Pope Shows the Way to Modernity in "Call to Holiness"

Pope Francis published a remarkable document today, called the "Gaudete et exsultate", an exhortation to holiness. He says its goal is to "repropose the call to holiness in a practical way for our own time". The philosophy of the document is bold and modern.
Pope Francis, Call to Holiness

 Each of its 177 numbered paragraphs, in five named chapters, contains an expression of wisdom and a practical view on what it is to live a holy life. It is very much worth reading and meditating upon, whatever your faith.

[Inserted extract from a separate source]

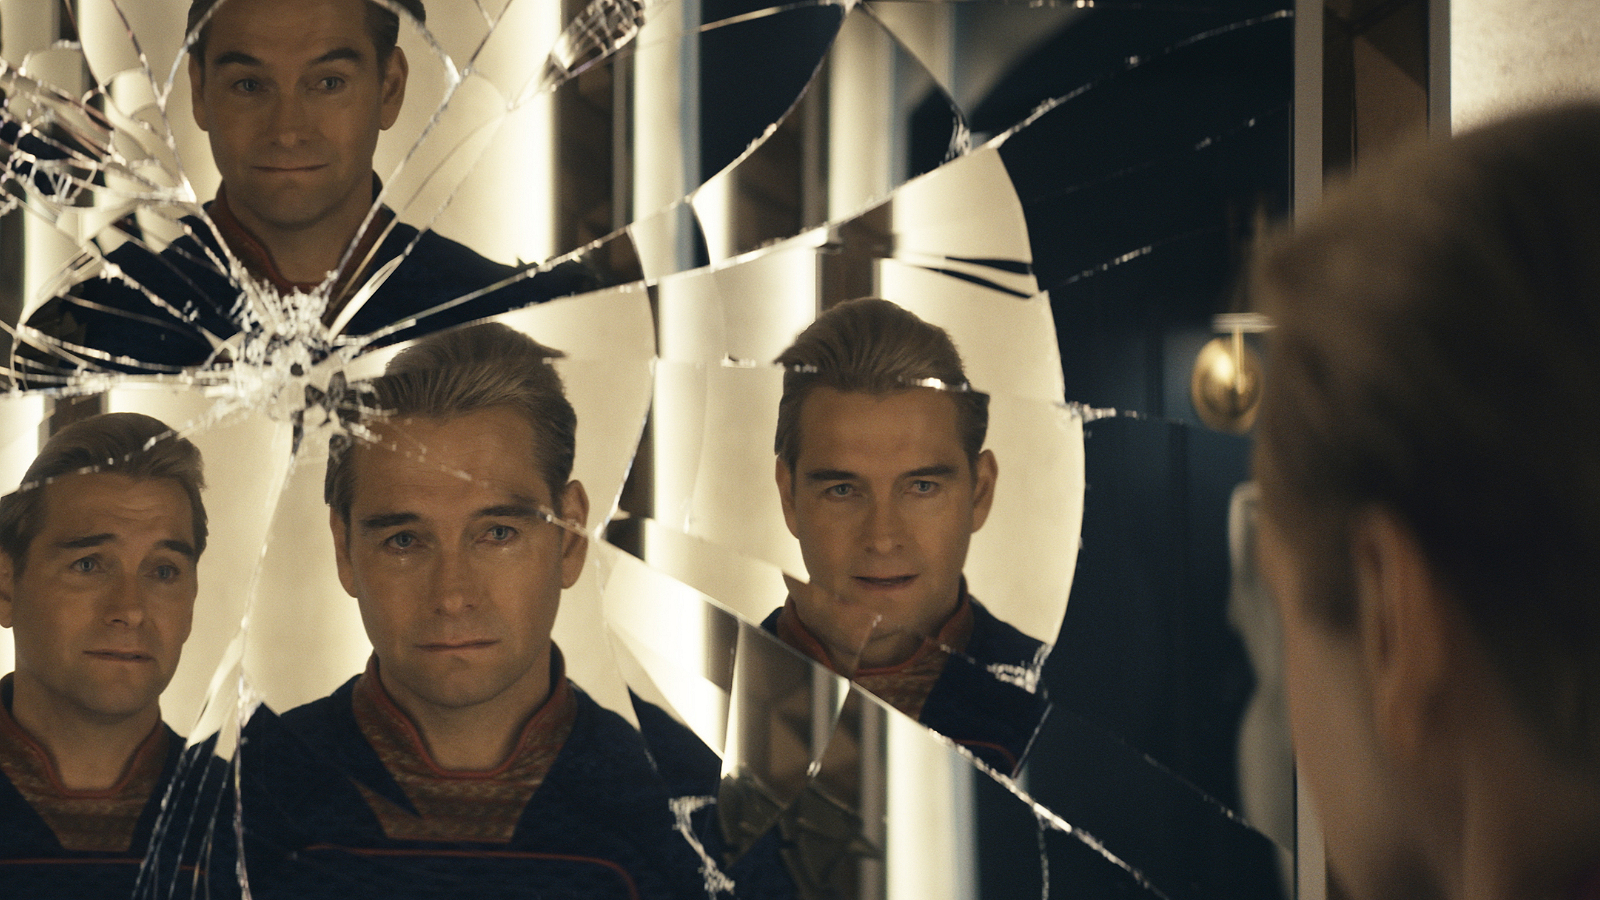 Homelander staring at a cracked mirror with multiple reflections in The Boys Season 4

The document resonates on many levels. It calls for acting with "Joy and a Sense of Humor", for "Going Against the Flow", and importantly, emphasizes that charity is the highest virtue. A summary in the New York Times highlights the teaching, found in paragraph 101, that caring for the poor and immigrant are as holy as the opposition to abortion:

...Our defence of the innocent unborn, for example, needs to be clear, firm and passionate, for at stake is the dignity of a human life, which is always sacred and demands love for each person, regardless of his or her stage of development. Equally sacred, however, are the lives of the poor, those already born, the destitute, the abandoned and the underprivileged, the vulnerable infirm and elderly exposed to covert euthanasia, the victims of human trafficking, new forms of slavery, and every form of rejection.[84] We cannot uphold an ideal of holiness that would ignore injustice in a world where some revel, spend with abandon and live only for the latest consumer goods, even as others look on from afar, living their entire lives in abject poverty.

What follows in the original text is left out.